I can understand where the notion of RD being "thrice bigger" Ever17 comes from. What I don't understand, is the apparent high regard for ZE series (which ARE retardified E17 carbon copies - apparent gimmicky Saw/B-movie visual style nonwithstanding - interspersed with utterly irrelevant to anything story-related CrimsonRoom-like minigames, through and through) that I sort of pick up from your post, in the context of the apparent bashing of RD.
I mean, the B route of RD, the one, the pace of which you so disliked (despite the second half of D, not to mention the entirety of Xtend Episode, being
much slower, due to all the RAM-fuckery), had a definite twist to it, a twist, that neither of the Infinity games, nor I/O, nor 999/VLR, nor PunchLine, had. And Nakazawa's I/O itself, again, featured a very definite twist of itself, which didn't have anything, at all, in common with, again, anything aforementioned. That's some creativity, don't you think? Did VLR have very much of such creativity? Well, other than reusing some of E17's twists in a particularly retarded manner (*cough* mirror twist *cough*) and making every character a badly modelled and rendered slapstick-comedy-level-assclown, well, it did feature some semblance of a, sort of, futuristic post-apocalyptic setting to it. Hard to tell, really, when the whole thing is, like, shown in a couple of glimpses before "to be continued" and jumping back 30 years so that it's neither futuristic nor post-apocalyptic anymore. Oh, by the way, you know this one thing I/O had in its 3,5MB script and RD had in its 5MB script? Lots of worldbuilding. Loads and spades of worldbuilding. Like, 15x to 20x amount of worldbuilding VLR had to itself in its wildest dreams.

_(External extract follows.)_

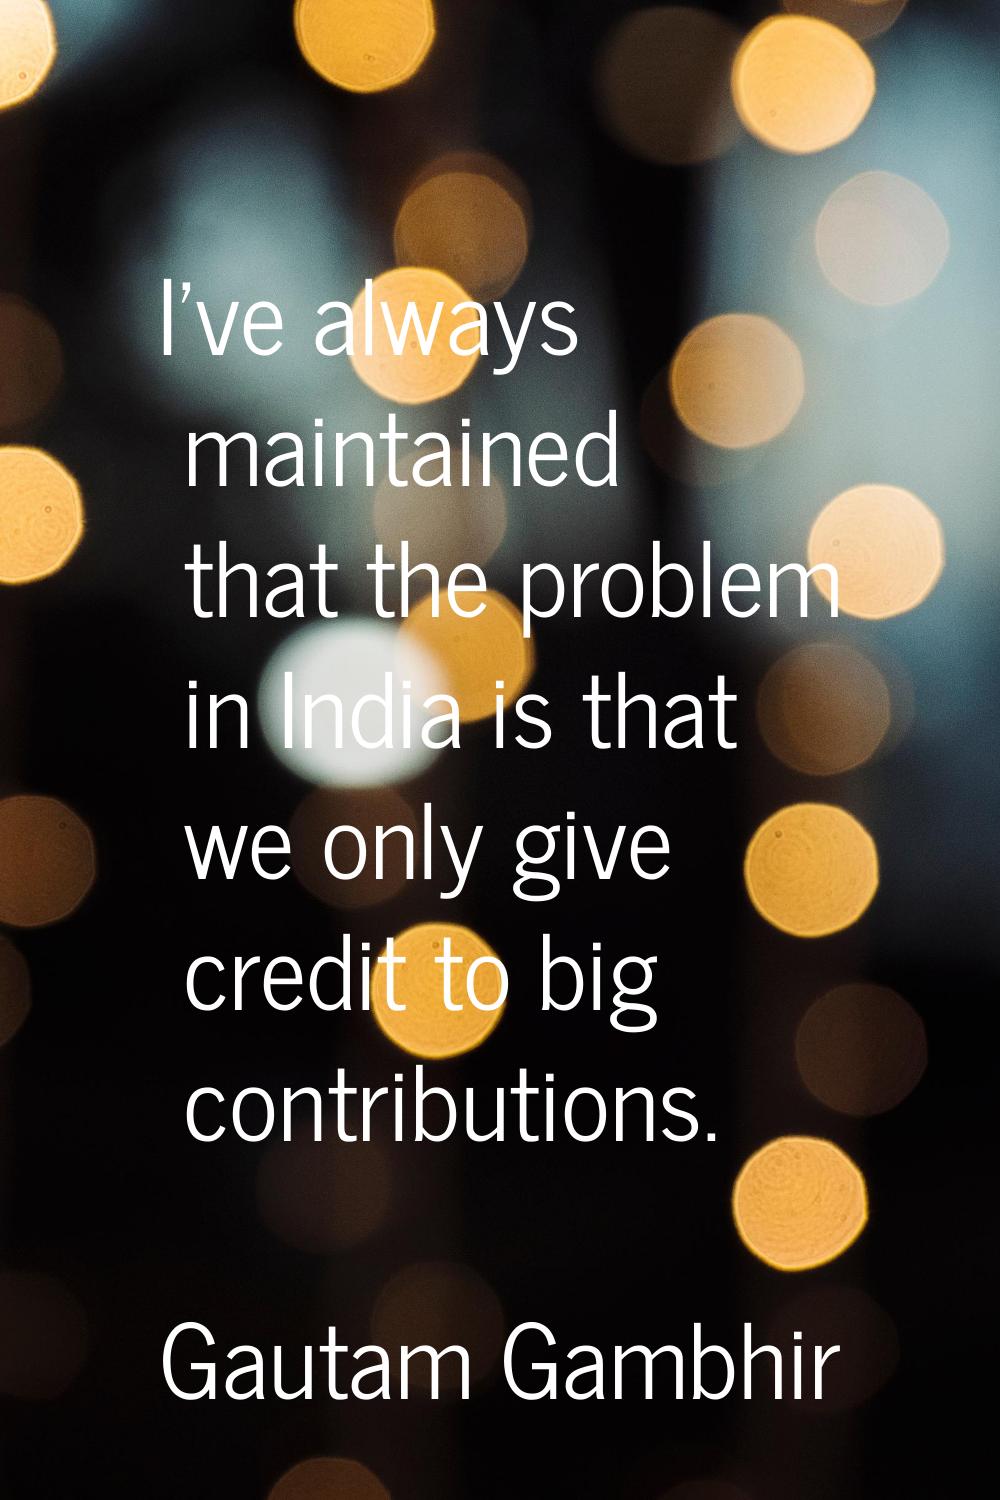 I've always maintained that the problem in India is that we only give credit to big contributions.

Also, A route was basically R11's Kokoro's route "on fire" - mixed, yes, with E17, and, well, less creepy when compared to some of R11's bad endings.
And, yes, calling a VN with a 5MB script, and 8 years from the first ideas to the release of the Xtend version "lazy" is just, yeah, well, not every VN can be a majestic masterpiece like teh glorious VLR, eh?